DATA EXTRACT:
# # # # # # #
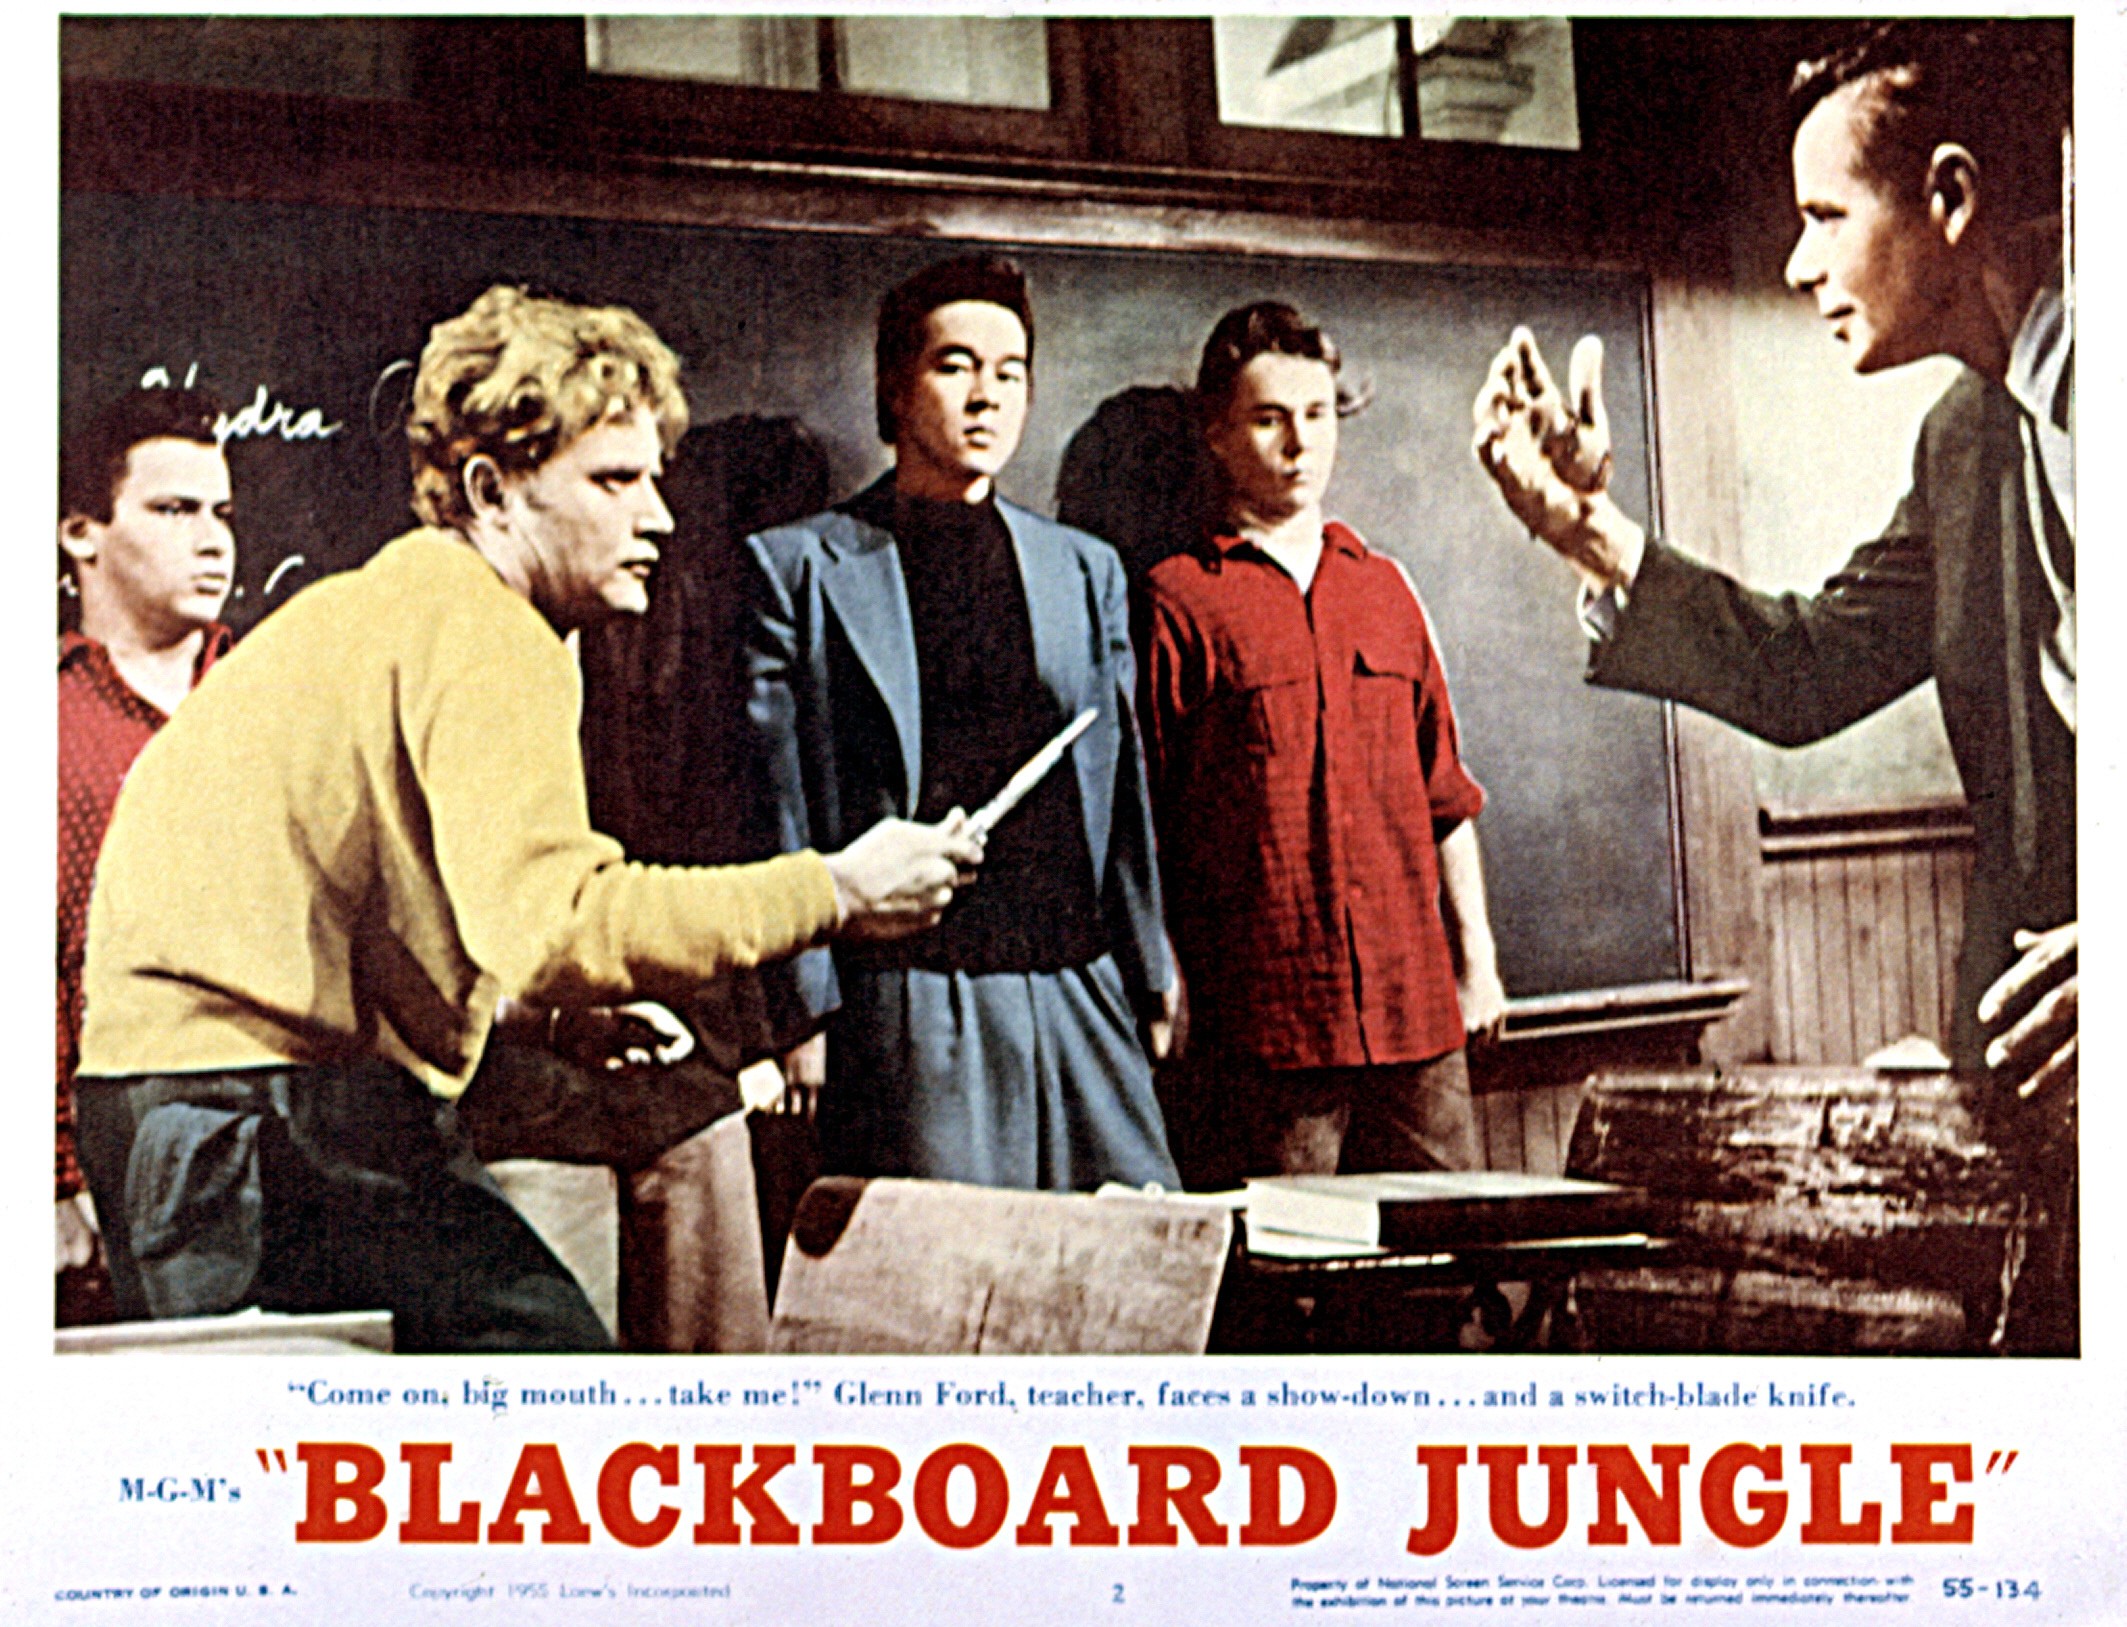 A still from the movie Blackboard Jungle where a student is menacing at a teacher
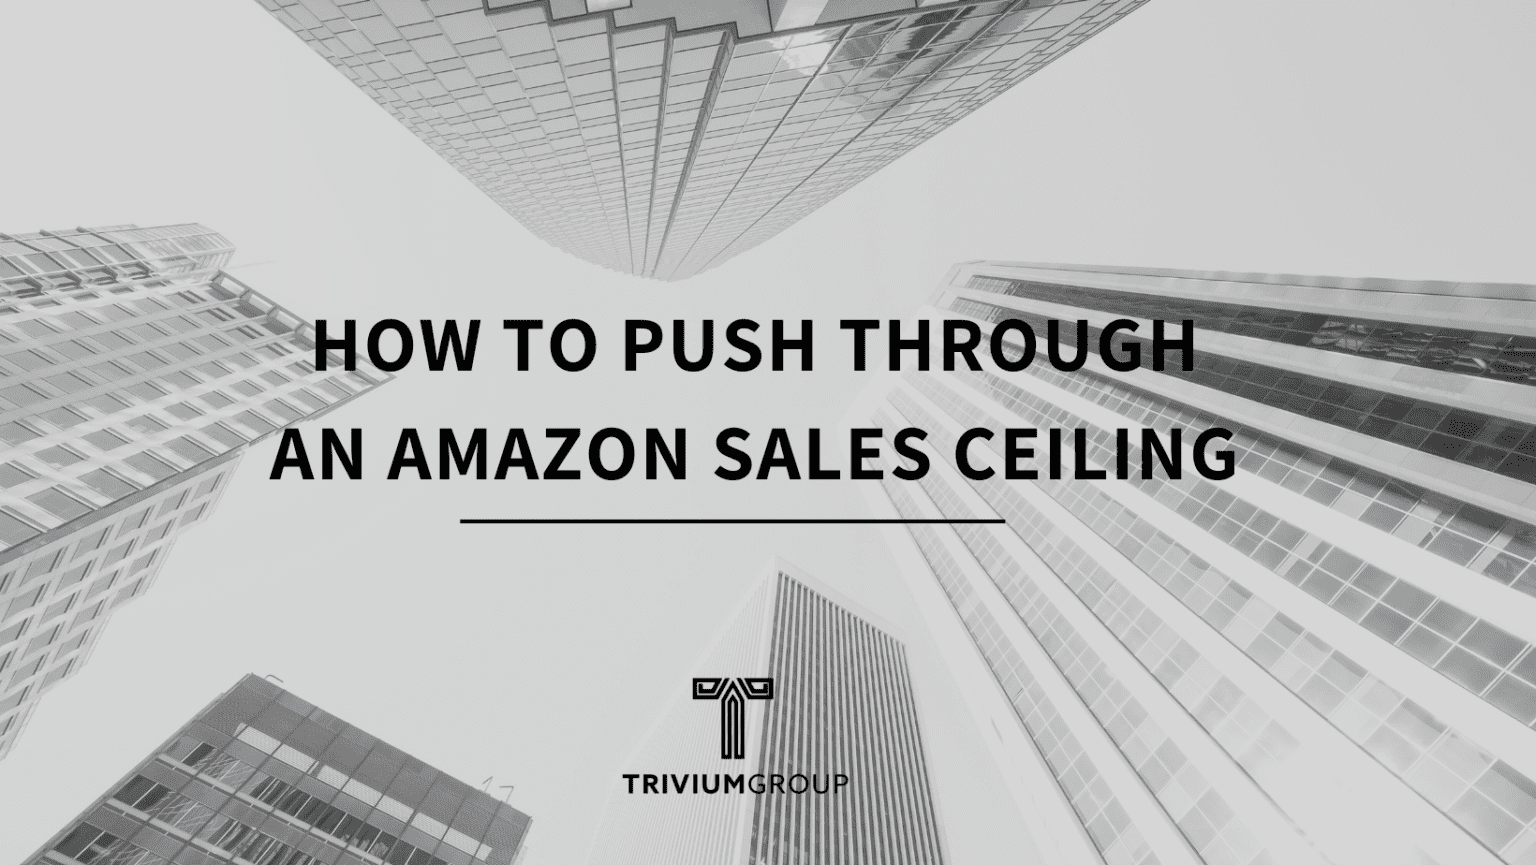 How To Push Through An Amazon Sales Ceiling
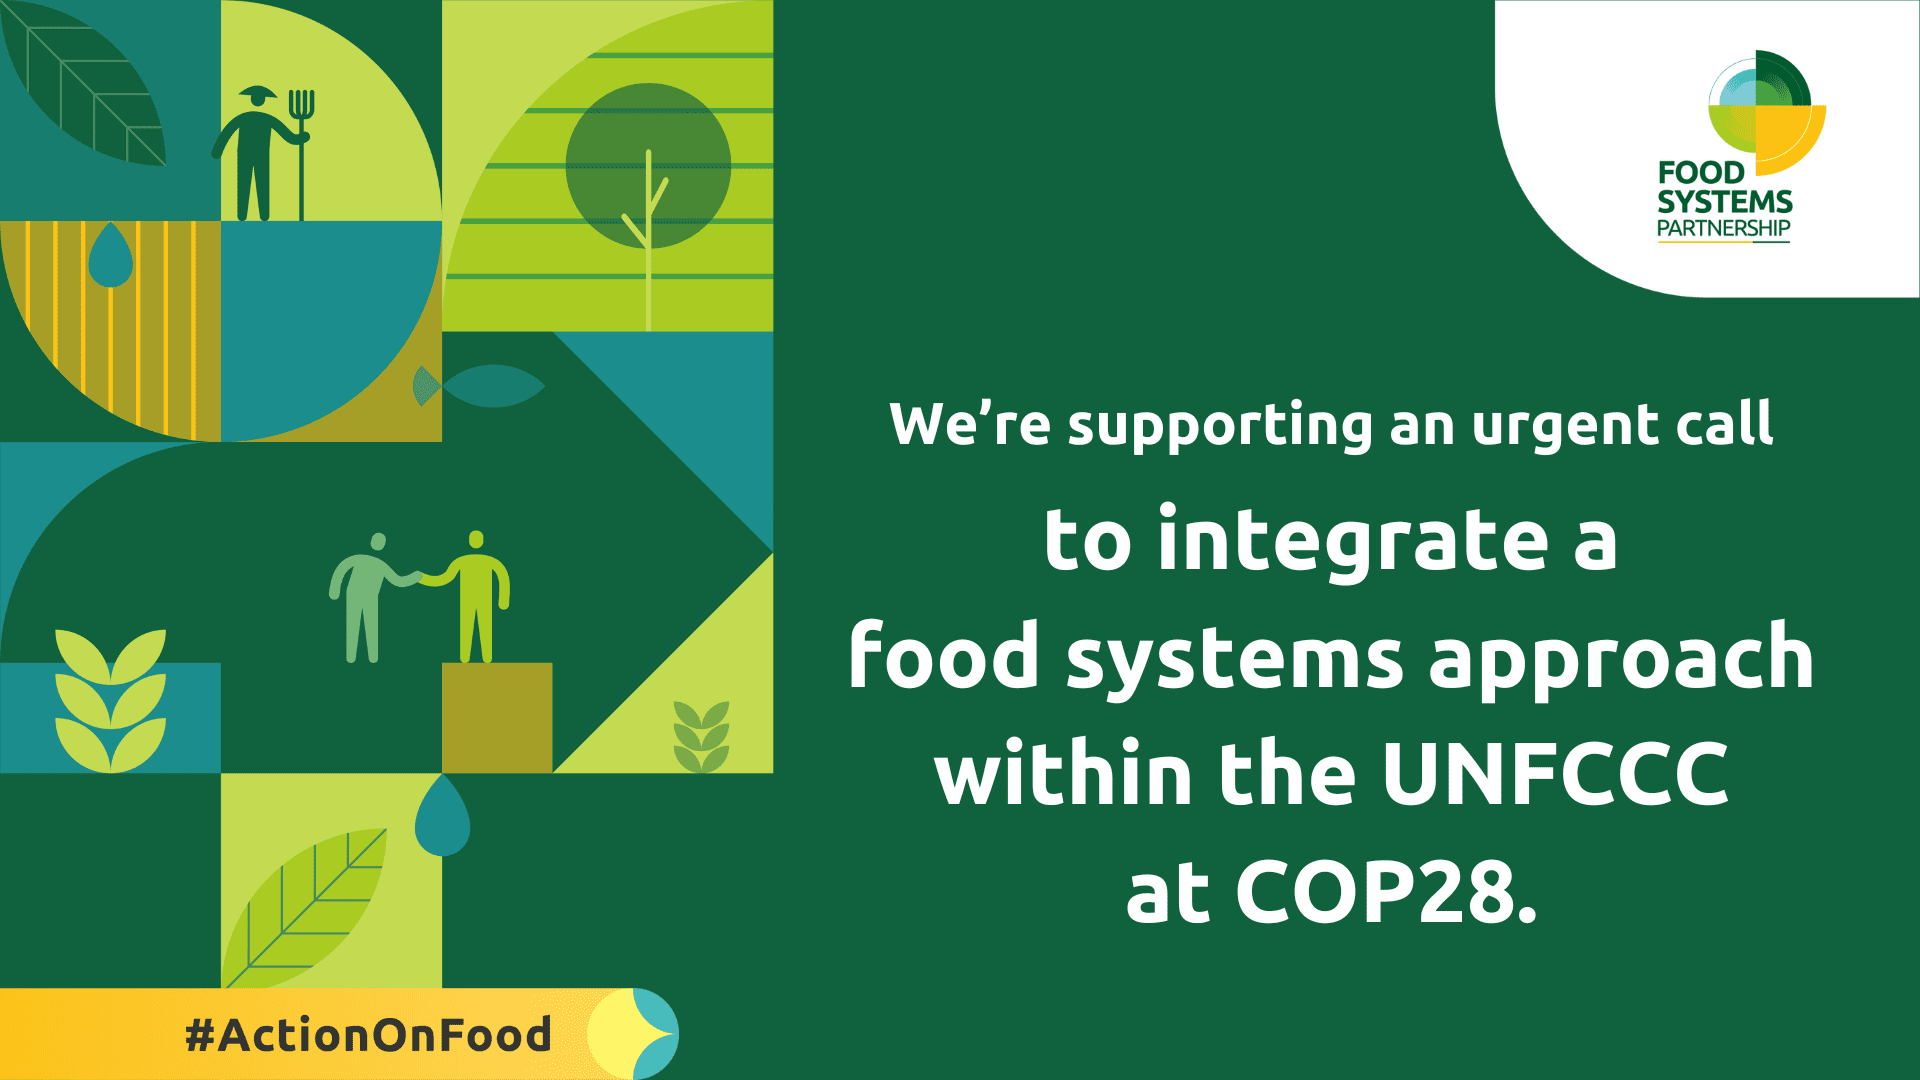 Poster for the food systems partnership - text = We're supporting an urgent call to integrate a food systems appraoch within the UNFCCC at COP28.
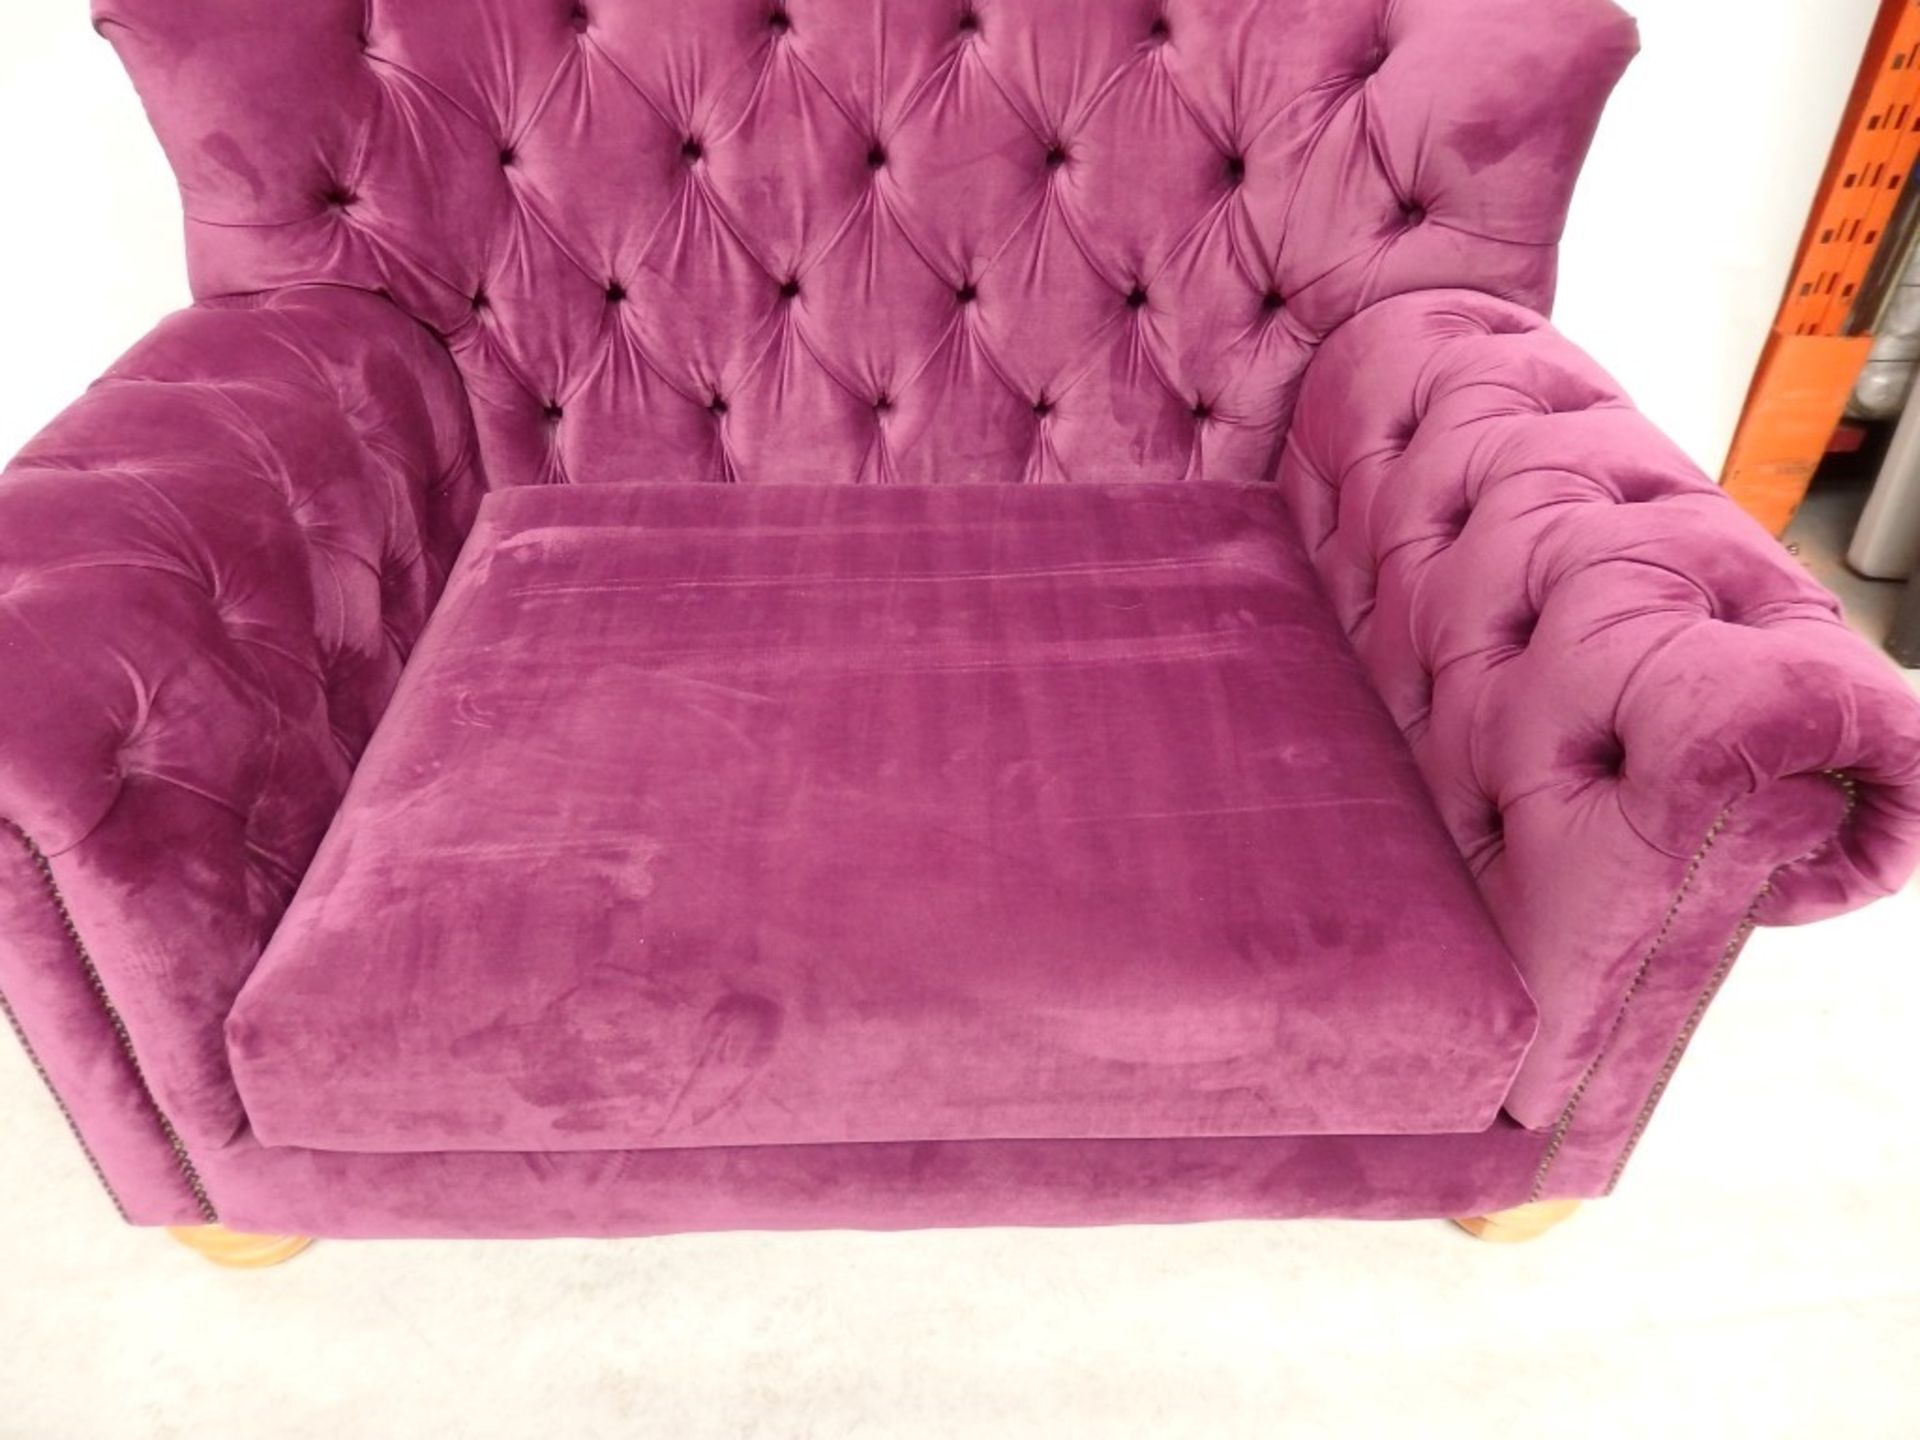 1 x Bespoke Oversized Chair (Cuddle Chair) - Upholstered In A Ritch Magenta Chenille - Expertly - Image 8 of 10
# # # # # # #
INSTRUCTIONS TO FOLLOW: Pictures aside, retype the material exactly.

COMPLETED EXERCISE:
 A still from the movie Blackboard Jungle where a student is menacing at a teacher
 How To Push Through An Amazon Sales Ceiling
 Poster for the food systems partnership - text = We're supporting an urgent call to integrate a food systems appraoch within the UNFCCC at COP28.
 1 x Bespoke Oversized Chair (Cuddle Chair) - Upholstered In A Ritch Magenta Chenille - Expertly - Image 8 of 10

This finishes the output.